> [THE PROBLEM] A verbatim restatement of the data, free of pictures, is what you should output.

- Opening Delimiter -

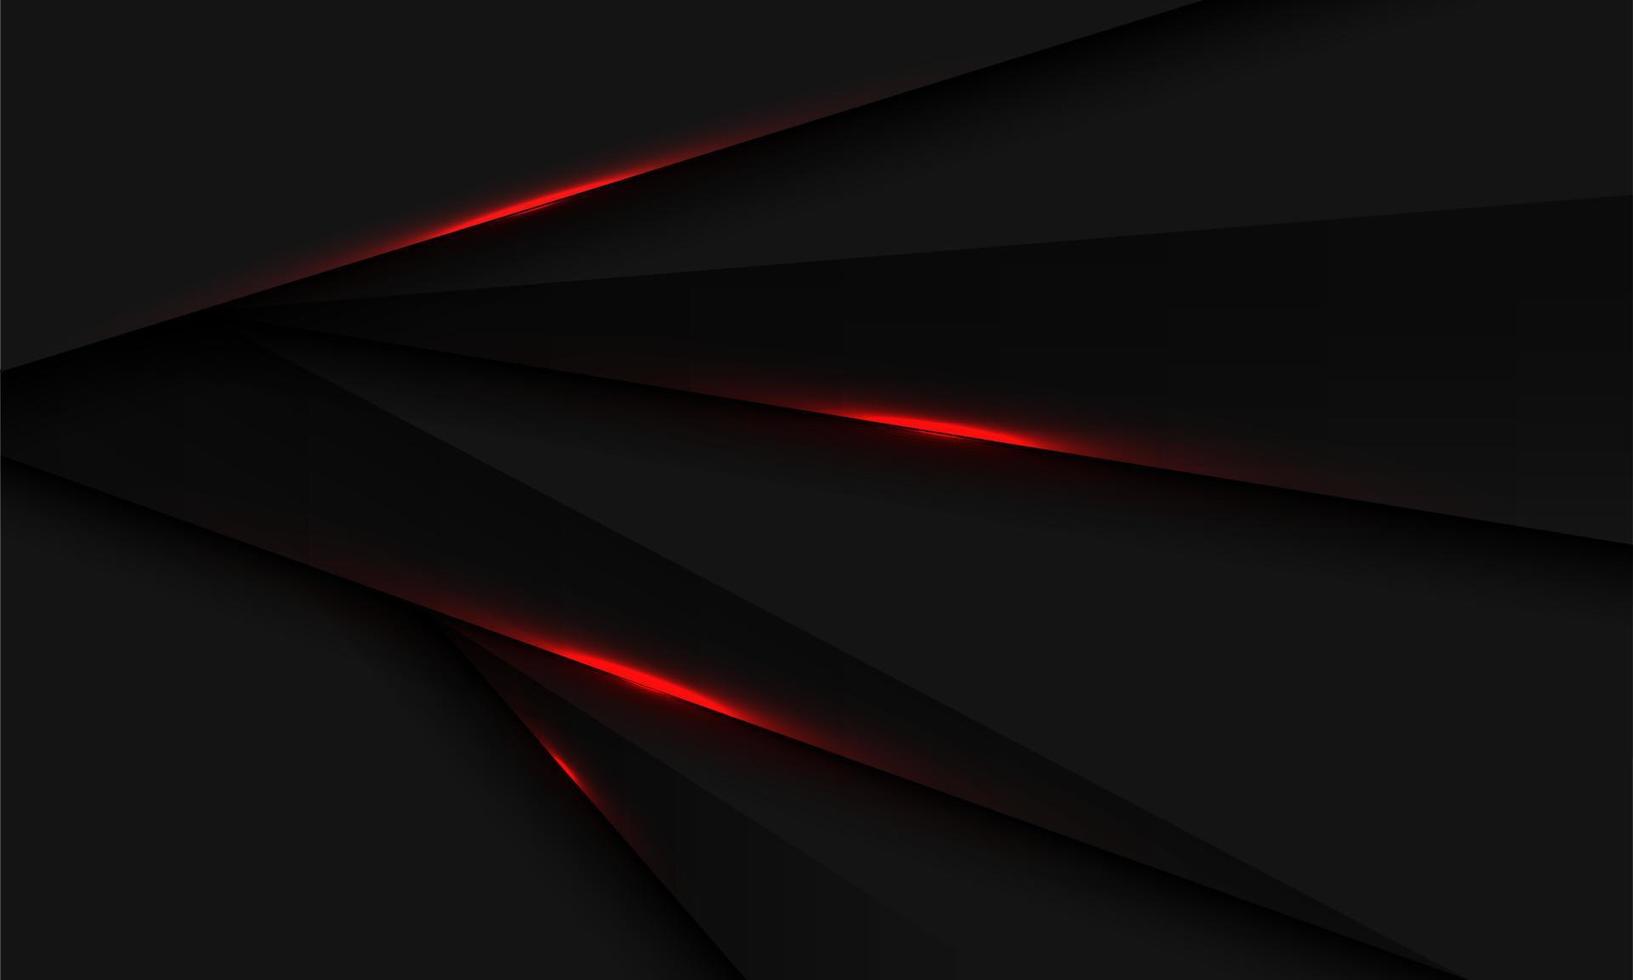 Resumen luz roja sobre negro metálico triángulo sombra diseño geométrico moderno futurista vector de fondo
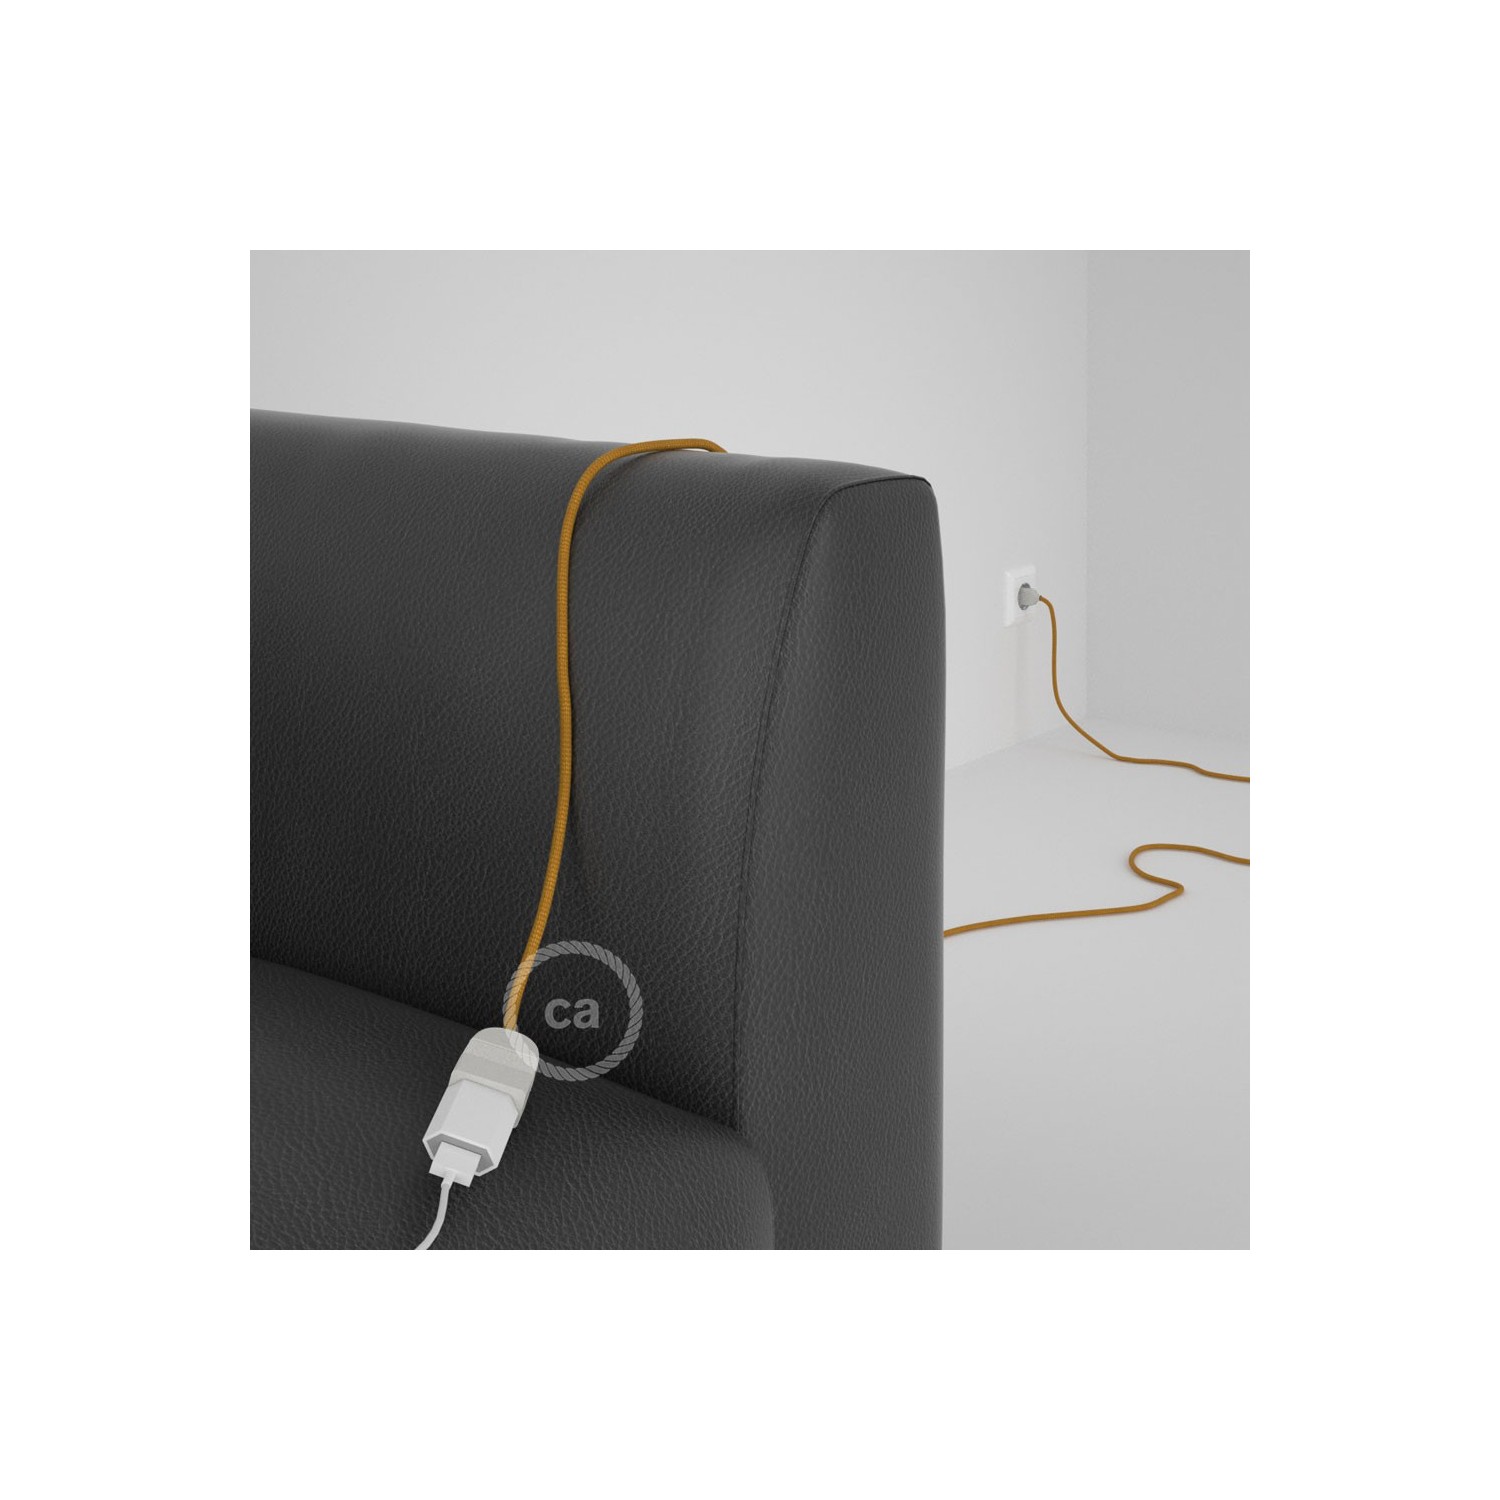 Podaljševalni kabel za napajanje (2P 10A) zlat rejon RM05 - Made in Italy
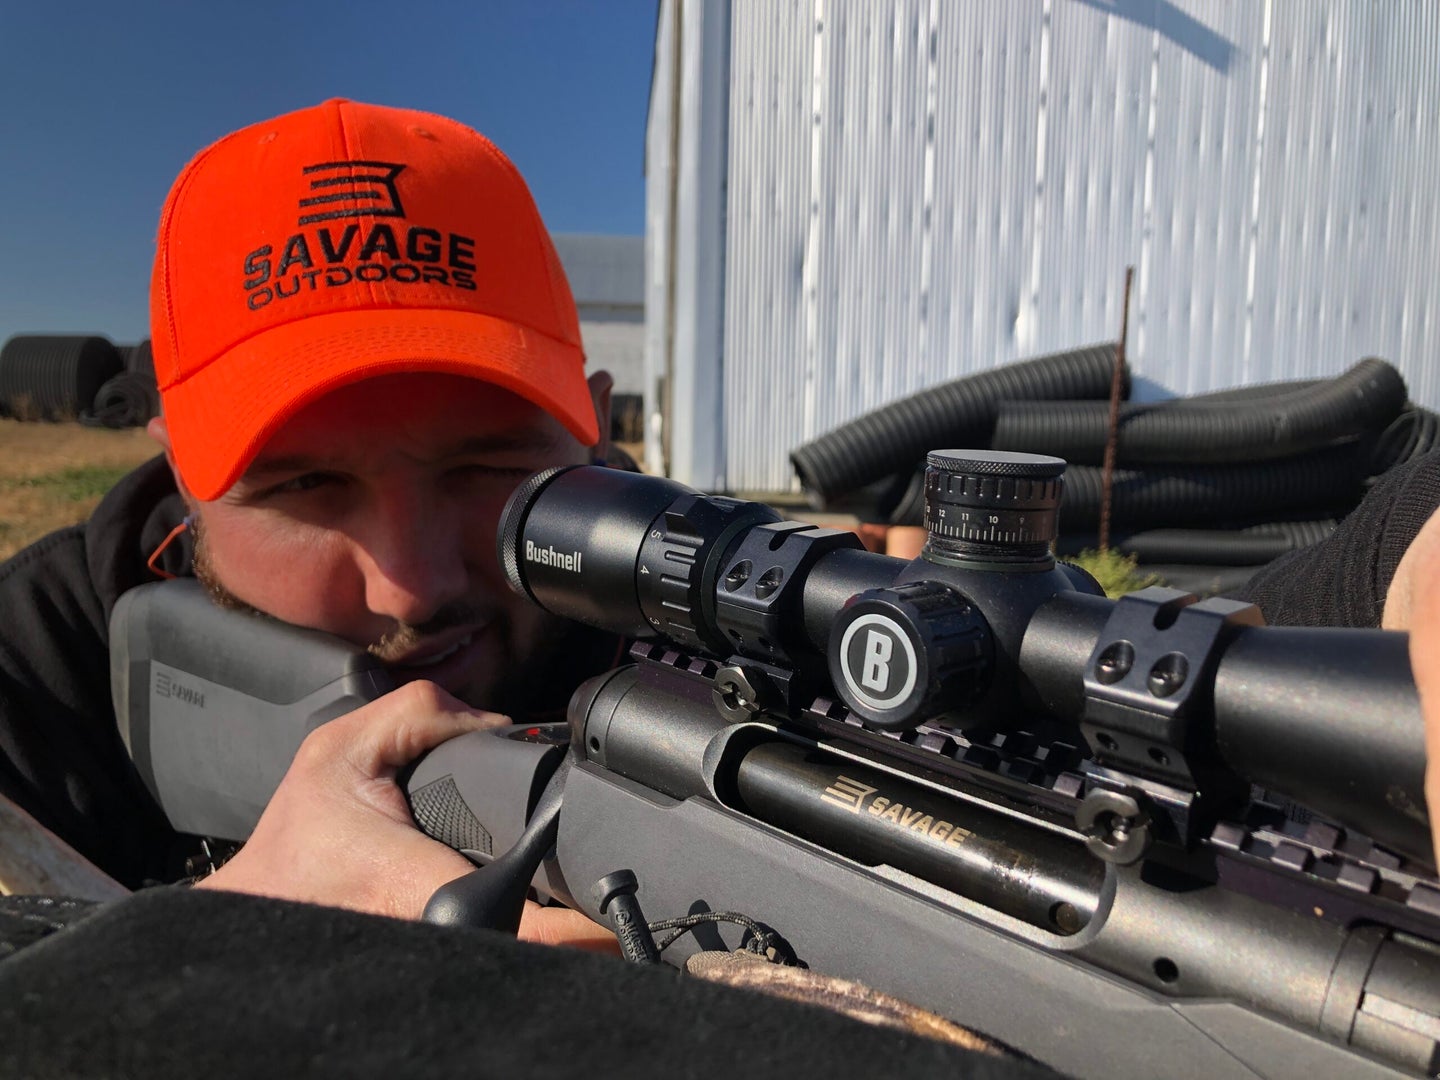 Deer hunter sighting in Savage 220 slug gun in 20-gauge
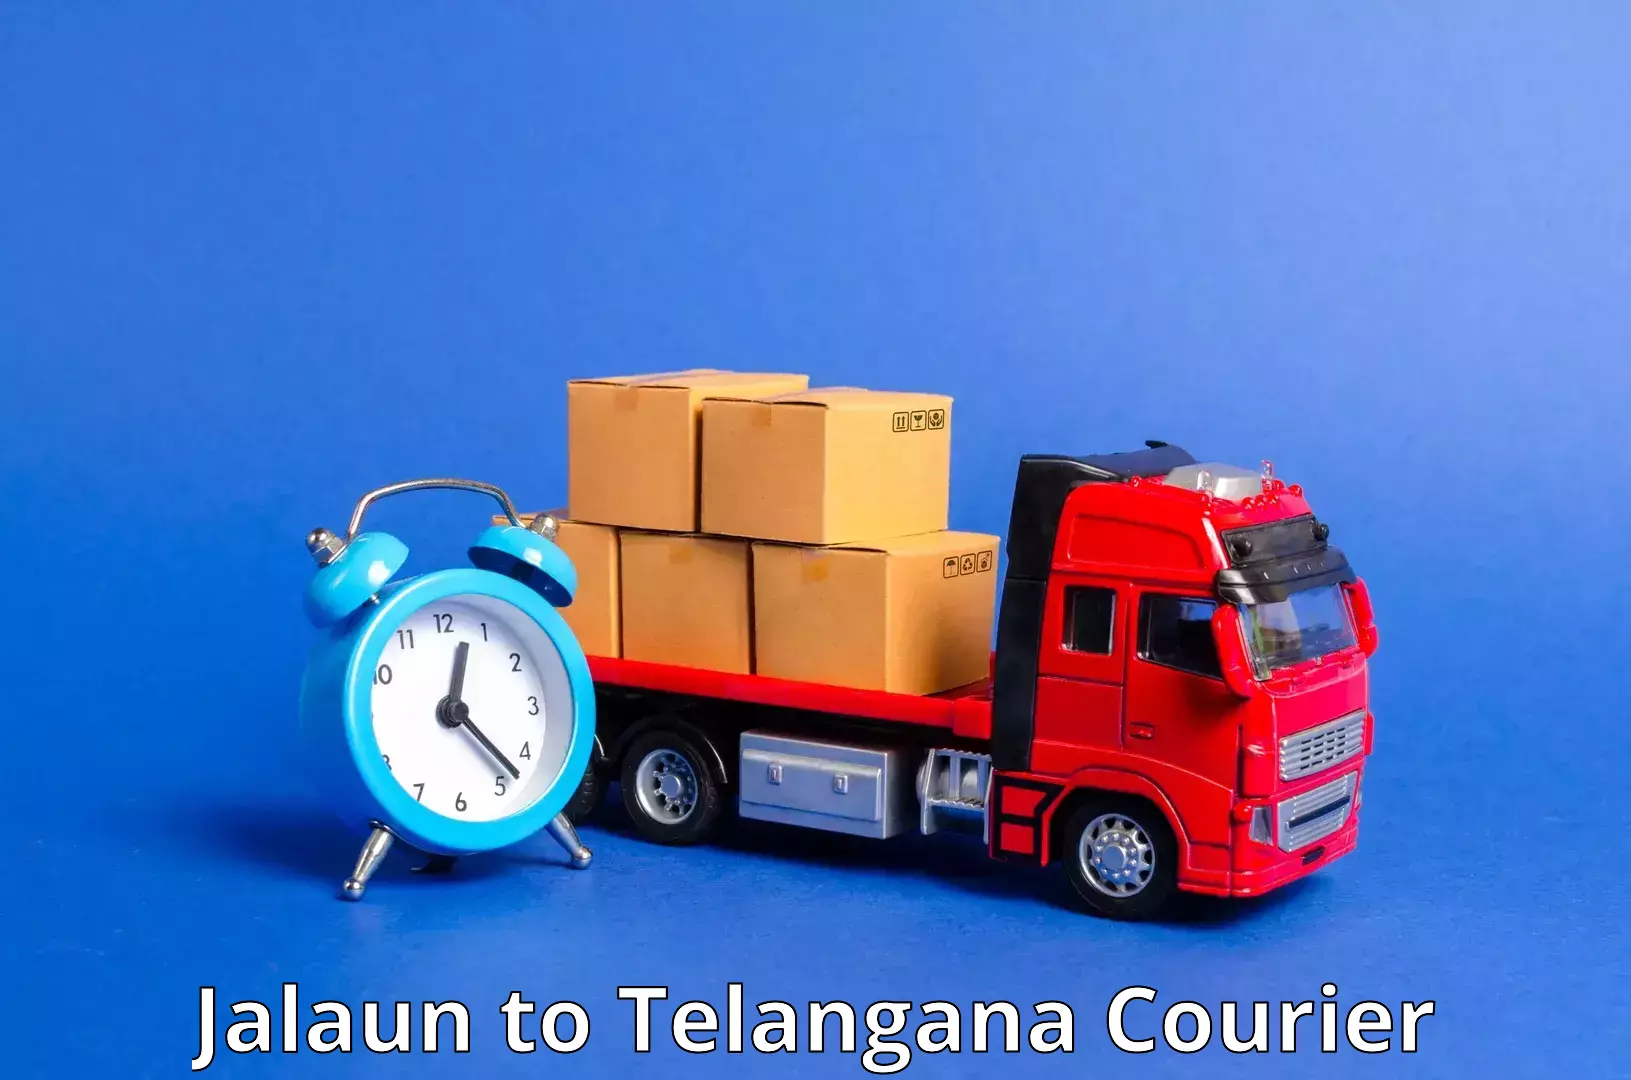 High-priority parcel service Jalaun to Telangana
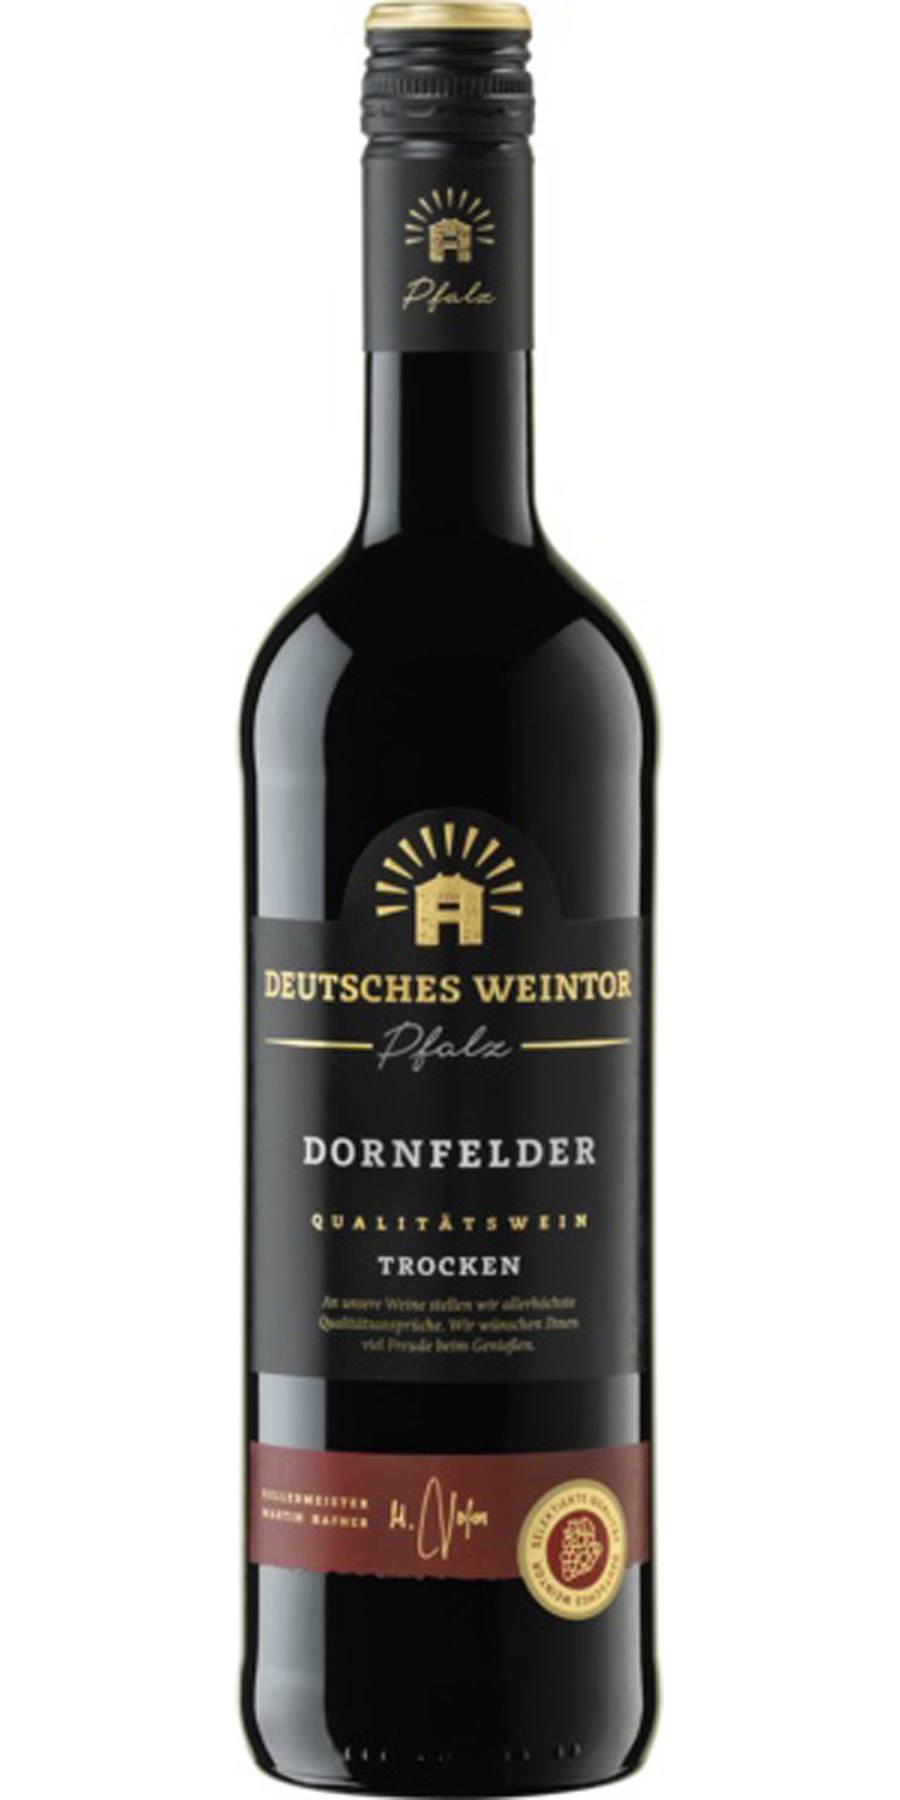 Deutsches Weintor, Dornfelder trocken, Pfalz QbA

- Closing Delimiter -

> [OUTPUT OF THE TASK]
 Resumen luz roja sobre negro metálico triángulo sombra diseño geométrico moderno futurista vector de fondo
 Podaljševalni kabel za napajanje (2P 10A) zlat rejon RM05 - Made in Italy
 Deer hunter sighting in Savage 220 slug gun in 20-gauge
 High-priority parcel service Jalaun to Telangana
 Deutsches Weintor, Dornfelder trocken, Pfalz QbA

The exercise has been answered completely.